The story of the Melungeons is at once a footnote to the history of race in America and a timely parable of it. They bear witness to the horrors and legacy of segregation, but also to the overlooked complexity of the early colonial era. They suggest a once-and-future alternative to the country’s brutally rigid model of race relations, one that, for all the improvements, persists in the often siloed lives of black and white Americans today. Half-real and half-mythical, for generations the Melungeons were avatars for their neighbours’ neuroses; latterly they have morphed into receptacles for their ideals, becoming, in effect, ambassadors for integration where once they were targets of prejudice.

The two big questions about them encapsulate their ambiguous status—on the boundaries of races and territories, and between suffering and hope, imagination and fact. Where did the Melungeons come from? And do they still exist?

Last of the Phoenicians

At a recent gathering of the Melungeon Heritage Association (MHA), in Vardy, a hamlet in the valley, and over in Big Stone Gap, Virginia, family trees and photographs of swarthy ancestors were compared. But the underlying preoccupation was the Melungeons’ origins—a subject comprised more of legend than of evidence. They are said to be the progeny of Phoenicians who fled the Roman sacking of Carthage, or of pre-Columbian Turkish explorers (making them America’s first Muslims). They descend from wayward conquistadors, from a doomed colony established on Roanoke Island by Sir Walter Raleigh, or from Moorish galley slaves abandoned there by Sir Francis Drake. They were sired by shipwrecked pirates or by Madoc, a 12th-century Welsh explorer. They are a lost tribe of Israel.

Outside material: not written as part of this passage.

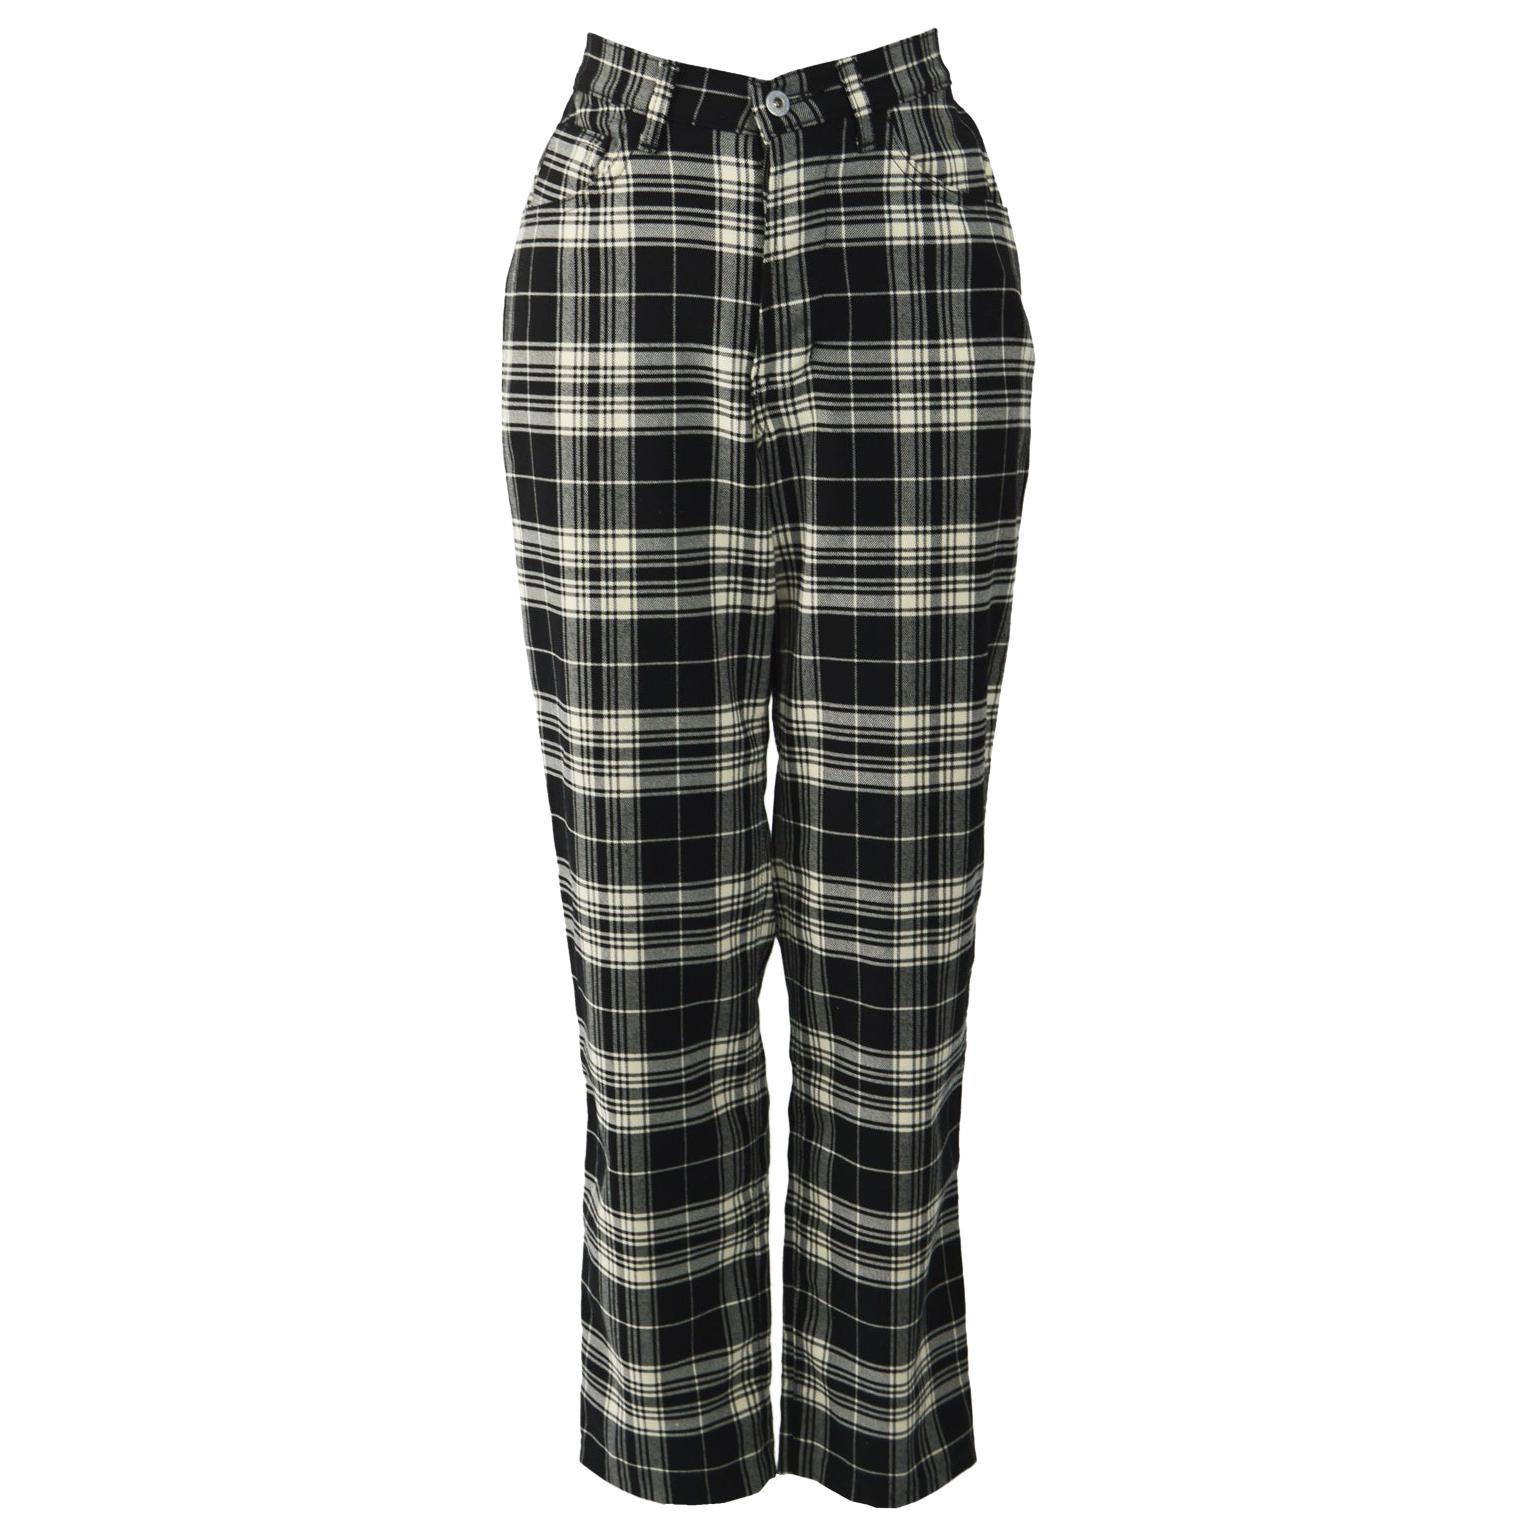 Joseph Vintage Black & White Check Trousers Pants

Native Americans often feature as consorts in these narratives, such as the fable in which Satan briefly cohabits with a Cherokee woman in the mountains of Tennessee. Etymology is as vexed as genealogy. The name Melungeon derives from mélange, an appellation bestowed by early French settlers on the Clinch river. Alternatively, Italian pioneers in Virginia used their word for aubergine to disparage the Melungeons’ skin colour. It comes from melas, Greek for dark or black, from the Turkish expression melun can, meaning “cursed soul”, or from melungo, a West African term for shipmate. Or from an old English word for trickery found in Spenser’s “The Faerie Queene”.

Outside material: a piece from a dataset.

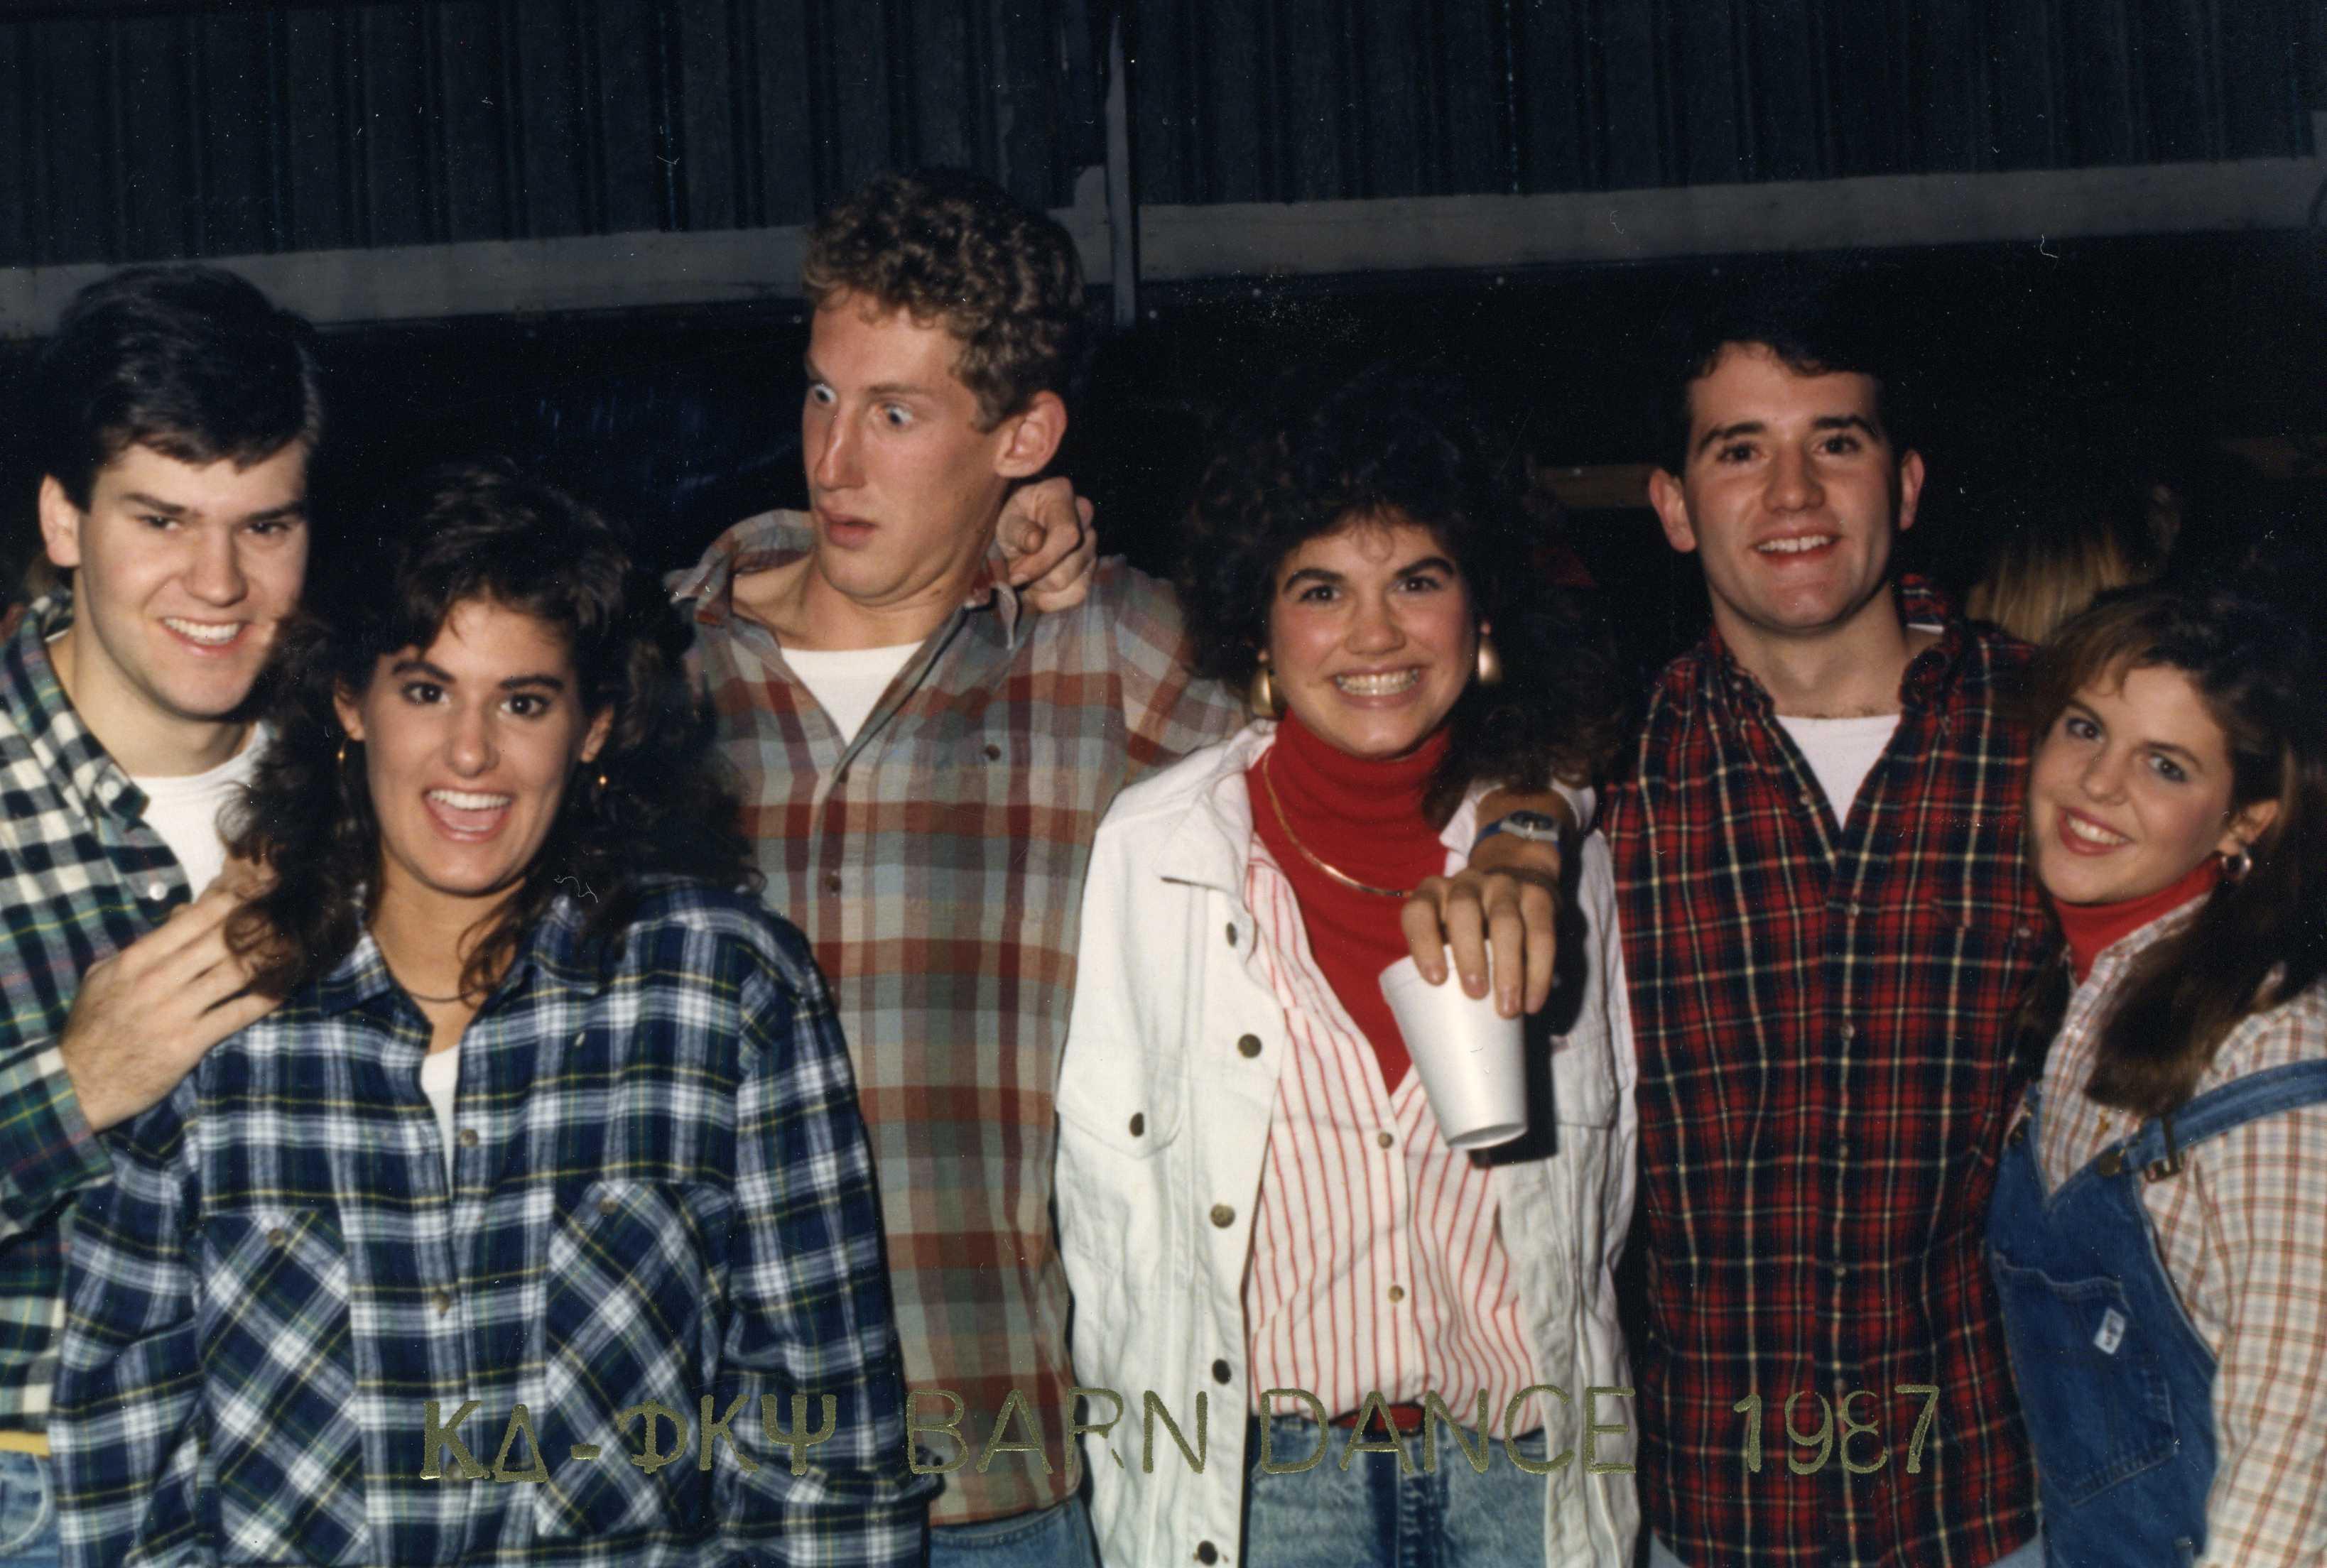 1987 Barn Dance (3)

One of the most widespread beliefs is that they are offspring of Portuguese mariners who arrived in early colonial times; or, as some 19th-century Melungeons would have put it, on the rare occasions when they spoke for themselves, they were “Portyghee”. A newspaper report of 1848 said the community was established by “a society of Portuguese Adventurers”, and now lived in “a delightful Utopia” of primitive disinhibition. (The Melungeon story has mostly been told in the calumnies and hearsay of outsiders.) A sub-theory sees them as exiled conversos, Iberian Jews who hid their faith to escape the Inquisition before fleeing to the New World.